Coordinate Reference Systems with xproj.CRSIndex#

See also

Learn more at the xproj documentation

Highlights#

  1. xproj provides a CRSIndex to handle “coordinate reference system” (CRS) information.

  2. CRS information is commonly stored in the attributes of a scalar coordinate variable, usually called "spatial_ref" or one that is annotated as a “grid mapping variable” according to the CF conventions.

  3. The purpose of CRSIndex is to handle alignment, not indexing. That is, we would like errors to be raised when adding or concatenating (for example) two datasets with different CRS. Such operations are nonsensical without reprojecting the data to a common CRS.

Example#

Assigning#

%xmode minimal

import xarray as xr
import xproj  # registers the .proj accessor

xr.set_options(display_expand_data=False, display_expand_attrs=False, display_expand_indexes=True)

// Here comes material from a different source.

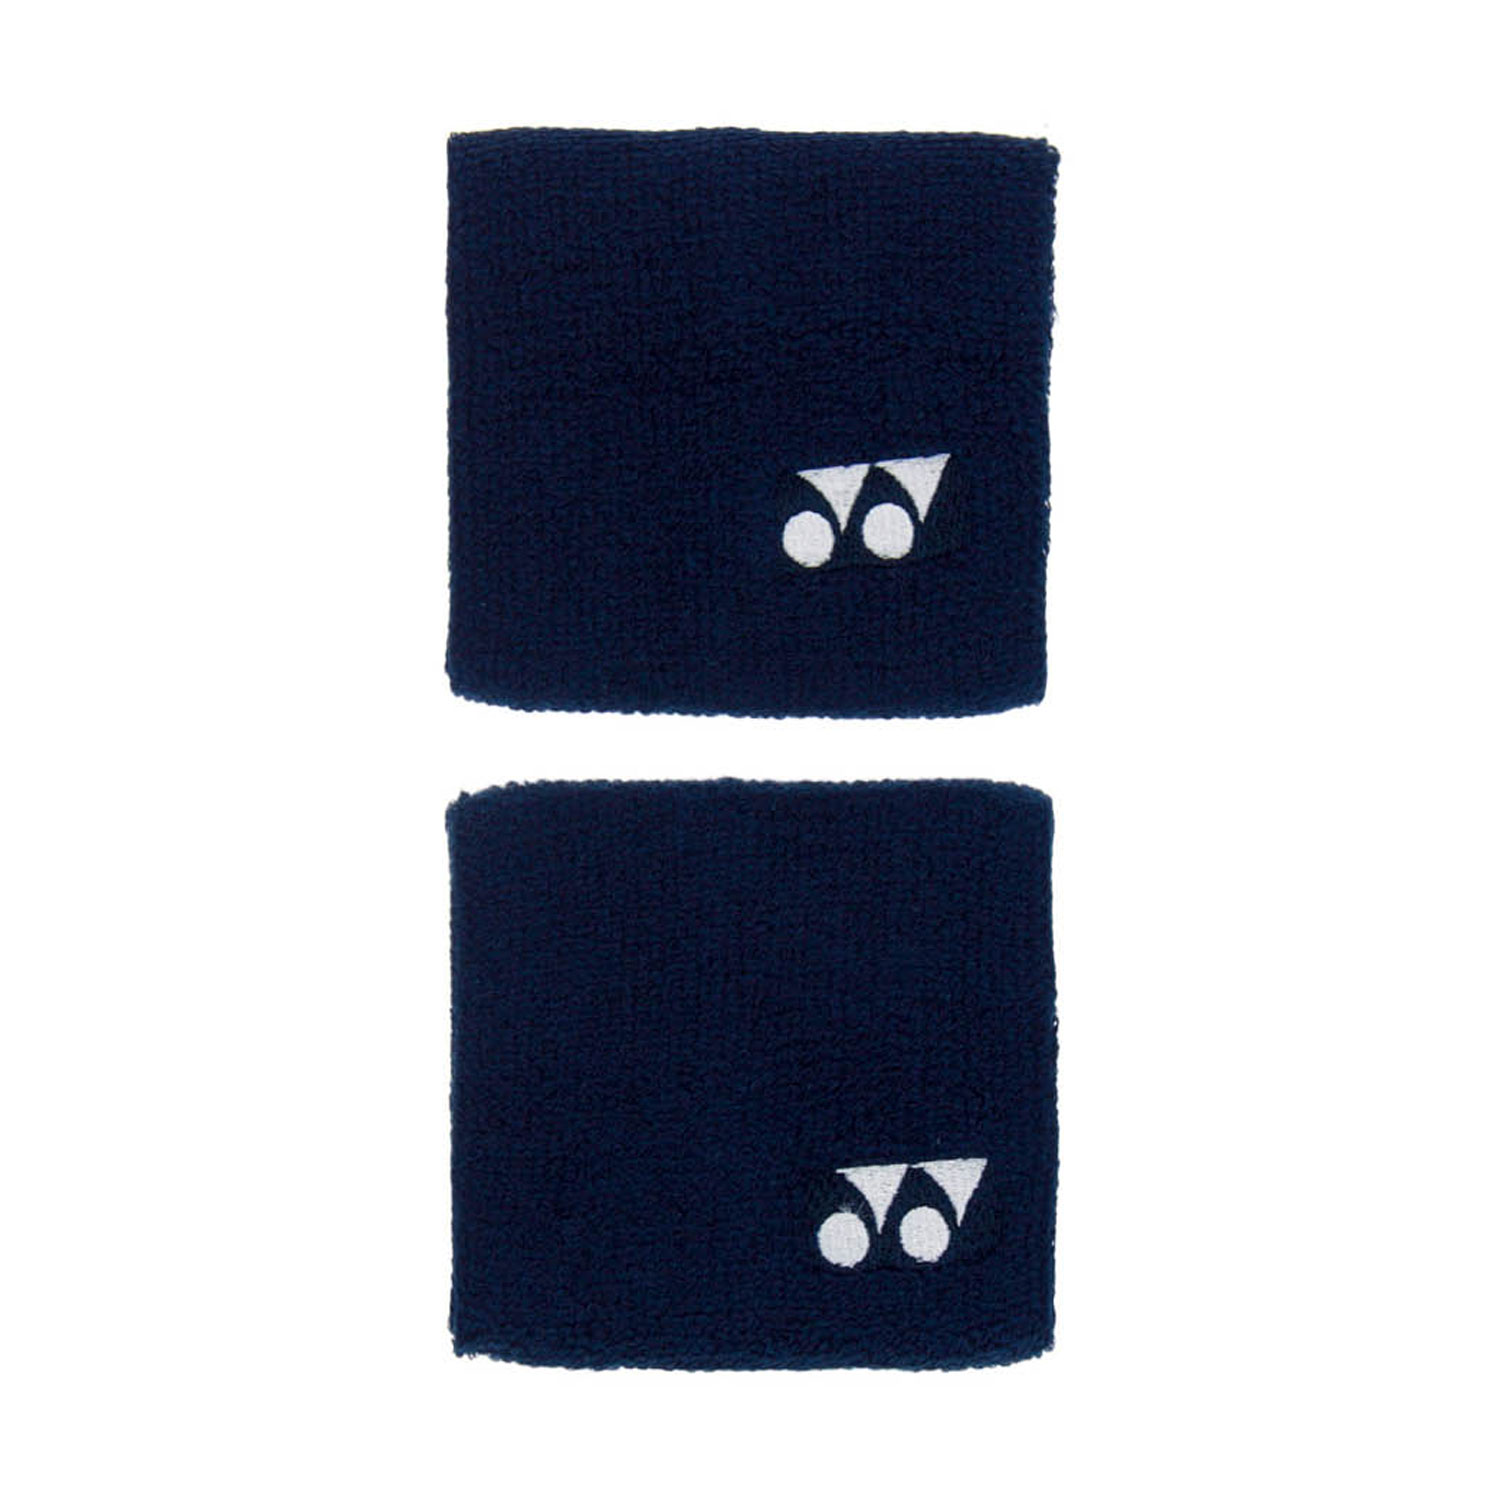 Yonex Logo Small Wristband - Navy
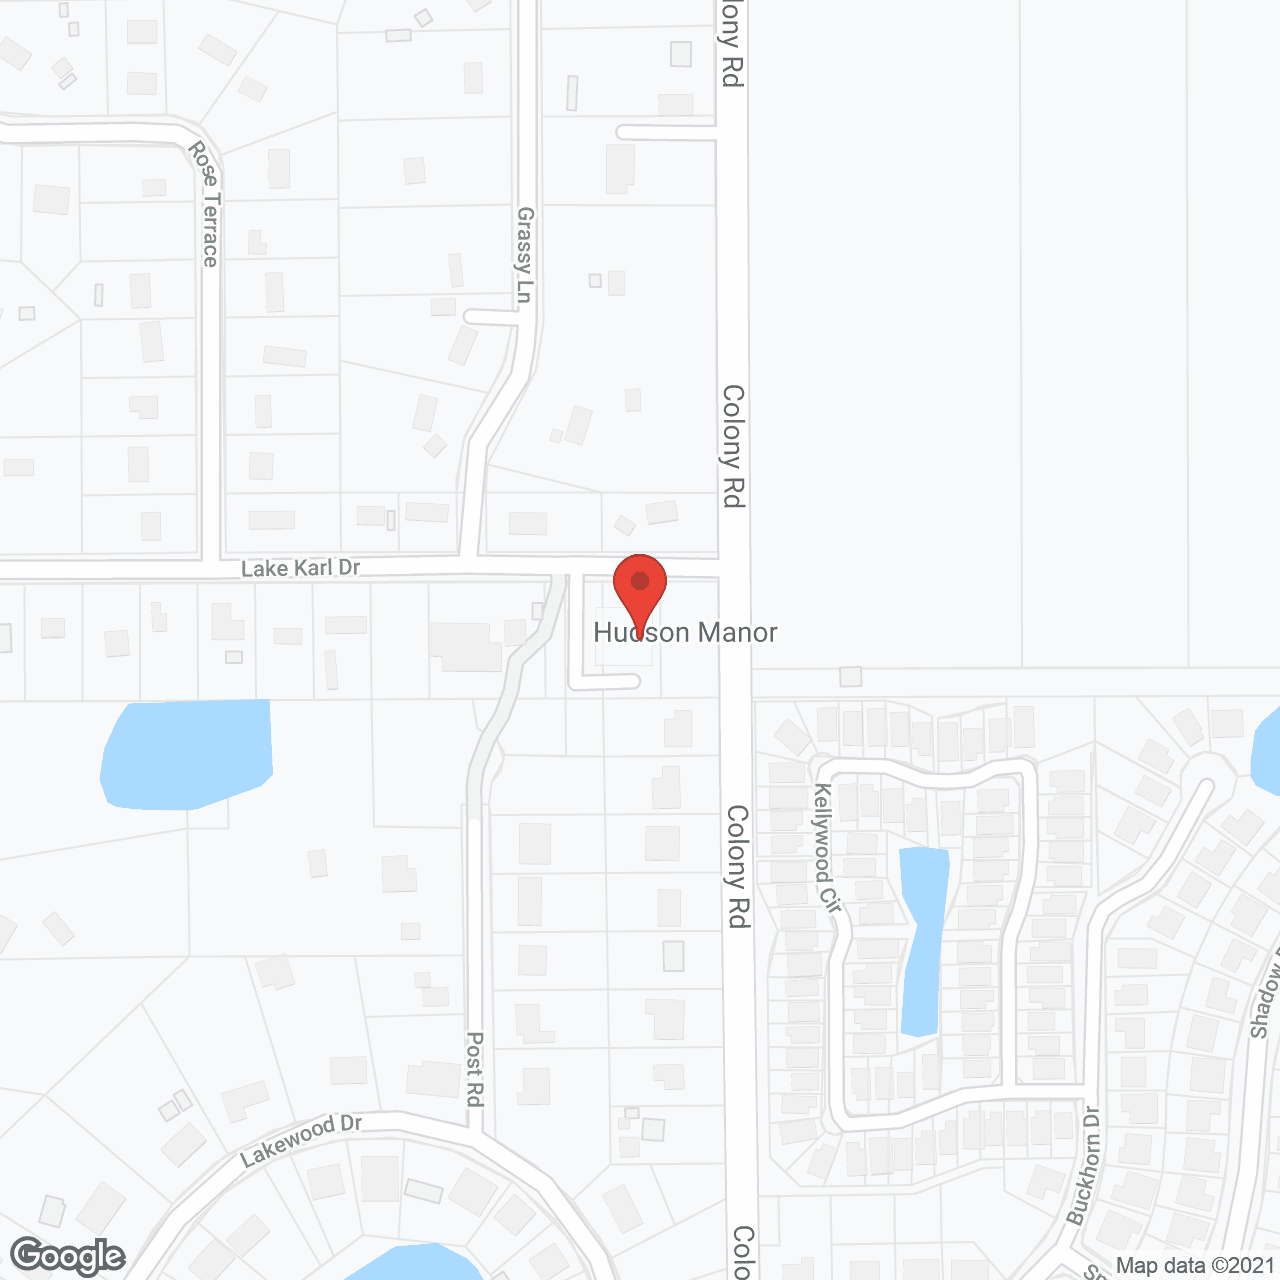 Hudson Manor in google map

ds = xr.tutorial.load_dataset("air_temperature")
ds
Exception reporting mode: Minimal
<xarray.Dataset> Size: 31MB
Dimensions:  (time: 2920, lat: 25, lon: 53)
Coordinates:
  * time     (time) datetime64[ns] 23kB 2013-01-01 ... 2014-12-31T18:00:00
  * lat      (lat) float32 100B 75.0 72.5 70.0 67.5 65.0 ... 22.5 20.0 17.5 15.0
  * lon      (lon) float32 212B 200.0 202.5 205.0 207.5 ... 325.0 327.5 330.0
Data variables:
    air      (time, lat, lon) float64 31MB 241.2 242.5 243.5 ... 296.2 295.7
Attributes: (5)

This dataset has no CRS information. xproj uses Xarray’s accessor interface to provide functionality. We use that to assign a CRS — the common WGS84 global geodetic CRS (EPSG code: 4326).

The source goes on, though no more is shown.